Rezension

Großartig

Die Tanzenden - Victoria Mas

Die Tanzenden
von Victoria Mas

Paris 1885: Krankenschwester Geneviève arbeitet in der Pariser Psychiatrie Salpêtrière, wo sie sich um die Patientinnen, Hysterikerinnen- Frauen mit Nervenleiden, kümmert. Der Leiter der Klinik Professor Charcot zählt als Koryphäe auf seinem Gebiet, der weltberühmt Wissenschaftler möchte durch seine Forschung die Medizin voranbringen. Seine Vorlesungen im Theater des Krankenhauses mit Hypnosedemonstrationen an echten Patientinnen gelten als Sensation. Dabei werden bei den Kranken vor Publikum echte Anfälle provoziert. Auch Geneviève, die immer noch unter dem Tod ihrer Schwester leidet, bewundert Charcot für seine Arbeit.
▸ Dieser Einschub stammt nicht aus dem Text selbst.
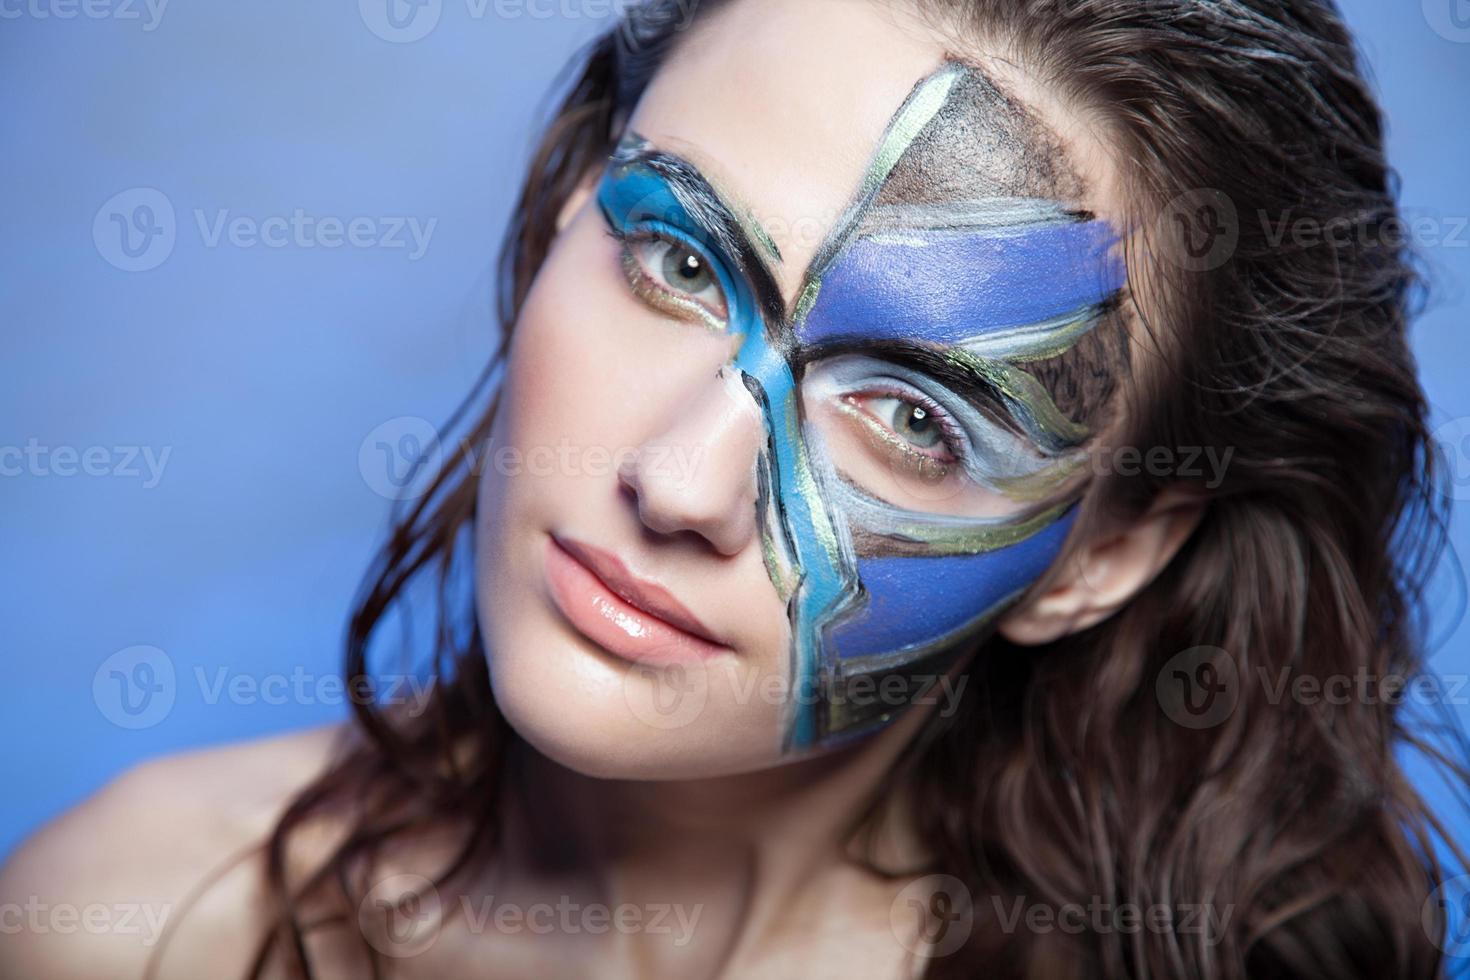 mooie mode vrouw kleur gezicht kunst portret op blauwe achtergrond foto

Als die junge Eugenie, die behauptet, mit Toten sprechen zu können, in die Nervenheilanstalt eingewiesen wird, ändert sich für Geneviève einiges. Auch der von vielen herbeigesehnte, jährliche öffentliche Ball, an dem die Insassinnen wie ganz normale Frauen tanzen und sich amüsieren dürfen und dabei von Zuschauern beobachtet und bestaunt werden können, soll diesmal eine ungeahnte Wendung nehmen......

Victoria Mas führt mit einer besonders klaren Sprache durch den Roman. Der Roman liest sich so leicht und flüssig, fast bescheiden, dass gar nicht auffällt, wie außergewöhnlich und tiefgründig Mas Debüt eigentlich ist. Die junge Autorin braucht keine komplizierten, künstlichen Stilmittel, um beachtet zu werden, sie schreibt einfach drauflos und das ziemlich beeindruckend.

Die Handlung um die bedauernswerten entmündigten Patientinnen, die auf dem Ball wie die Tiere im Zoo der Öffentlichkeit ausgesetzt werden, hat mich ziemlich mitgenommen. Noch bedrückender macht das Ganze, dass die Idee zum Roman auf einer wahren Geschichte basiert. 

Ich habe aber trotz des deprimierenden Themas jede Seite genossen. Der Spannungsbogen wird bis zum großen Finale, dem öffentlichen Ball, den viele kaum erwarten können, aufrechterhalten.

Zu den Figuren Geneviève, Eugenie und Louise habe ich sofort Zugang gefunden, großes Mitleid für sie entwickelt und ihnen -den allesamt auf eine Art Gefangenen-  nur das Beste gewünscht. Gleichzeitig war ich fasziniert, wie stark die Protagonistinnen doch sind, wie sie trotz ihrer schlimmen Situation nicht aufgeben und sich gegenseitig unterstützen.

Der von der Presse so hochgelobte Roman weckte bei mir große Erwartungen. Diese wurden von Victoria Mas überraschenderweise sogar noch übertroffen: Ein sehr bewegender, nachdenklich stimmender Roman, ein schlichtes kleines Schmuckstück „echter Literatur“. Nicht bemüht, sondern einfach gekonnt. Manchmal habe ich Sorge, ob nicht irgendwann einmal alle Geschichten erzählt sind, die Literatur an Bedeutung verliert und wir vergeblich auf neuen Stoff warten müssen. Solange es Autorinnen wie Victoria Mas gibt, ist meine Sorge aber wohl unbegründet. Ein großartiges Debüt!

Kommentare

gst kommentierte am 05. April 2020 um 11:45

"Ein schlichtes kleines Schmuckstück echter Literatur". Hast Du wunderbar beschrieben! Ich bin auch hin und weg - vor allem von der Sprache.